Best hike in the UK for: peak bagging

cairngorms national park© Photo: Getty Images

The Cairngorms, Scotland’s largest national park, has a fair few mountain peaks to scale, but if you’re not much of a mountain climber don’t worry. There are a fair few hills that make much gentler hikes, but have some spectacular views. Try the walk up Morrone, a 2,800-foot-high hill with a plateau summit that was made for midday picnics overlooking the valley below. It’s just 7.5 miles from Braemar village to the top and you can get directions here.

Where to stay: Braemar Lodge is by far the best hotel in the area, with cosy bedrooms with touches of tartan and a well-stocked bar. For a full Scottish castle experience book into Dalmunzie Castle Hotel, and budget hikers should try the glamping cabins at Howe of Torbeg

Pembrokeshire Coast Path

Best hike in the UK for: a picnic on the beach

pembrokeshire coastal path© Photo: Getty Images

This 186-mile, craggy, dramatic part of the Welsh coastline is a walker’s paradise.

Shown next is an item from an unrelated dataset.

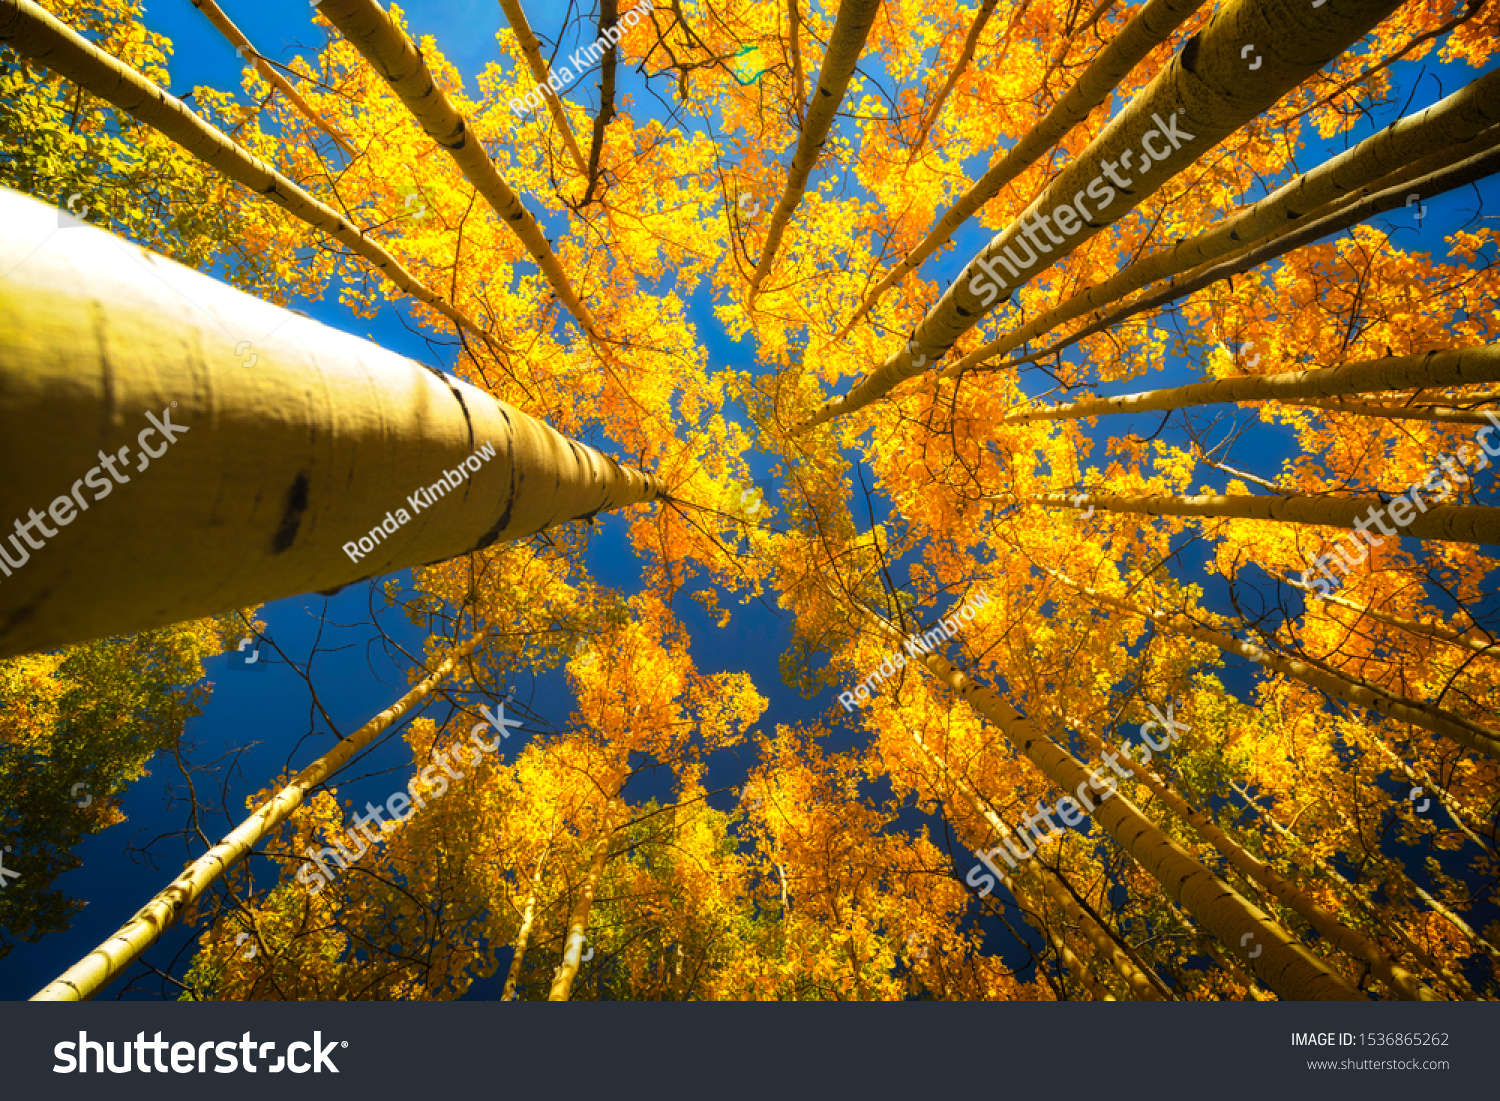 Upper view of the Aspen trees in the fall season with clear blue skies showing through #1536865262

Endless sea views, stunning cliffs and azure waters lapping soft, sandy beaches – on a sunny day, you’d be forgiven for thinking you were somewhere more tropical. We love the stretch between Saundersfoot and Tenby, where a string of Blue Flag beaches fringe the coastline and the jaunty colourful houses of Tenby are a cheering sight to end on. Countryfile has a great 7.5-mile circular version.

Where to stay: For total luxury and somewhere to spoil yourself post-walk, St Brides Spa Hotel in Saundersfoot is the place to stay. Heywood Spa Hotel is a great mid-range option, and Coach Guest House in Tenby is a reliable budget hotel.

The Causeway Coast, Northern Ireland

Best hike in the UK for: natural wonder

giants causeway coast© Photo: Getty Images

If you’ve ever wanted to see the Giant’s Causeway, there may be no better way than on a lovely coastal hike from nearby Portballintrae. A 5.5-mile route takes you along the coast and towards the National Trust-run Causeway site, where 40,000 basalt columns strike up out of the Atlantic ocean to create an otherworldly view. Alltrails has the route mapped here.

Where to stay: The Bushmills Inn Hotel is by far the best retreat in the area, with an exceptional restaurant and its own cinema for rainy day entertainment. The Bayview Hotel is simple but has lovely views over the ocean, and further inland is Lisnagalt Lodge – a solid budget choice.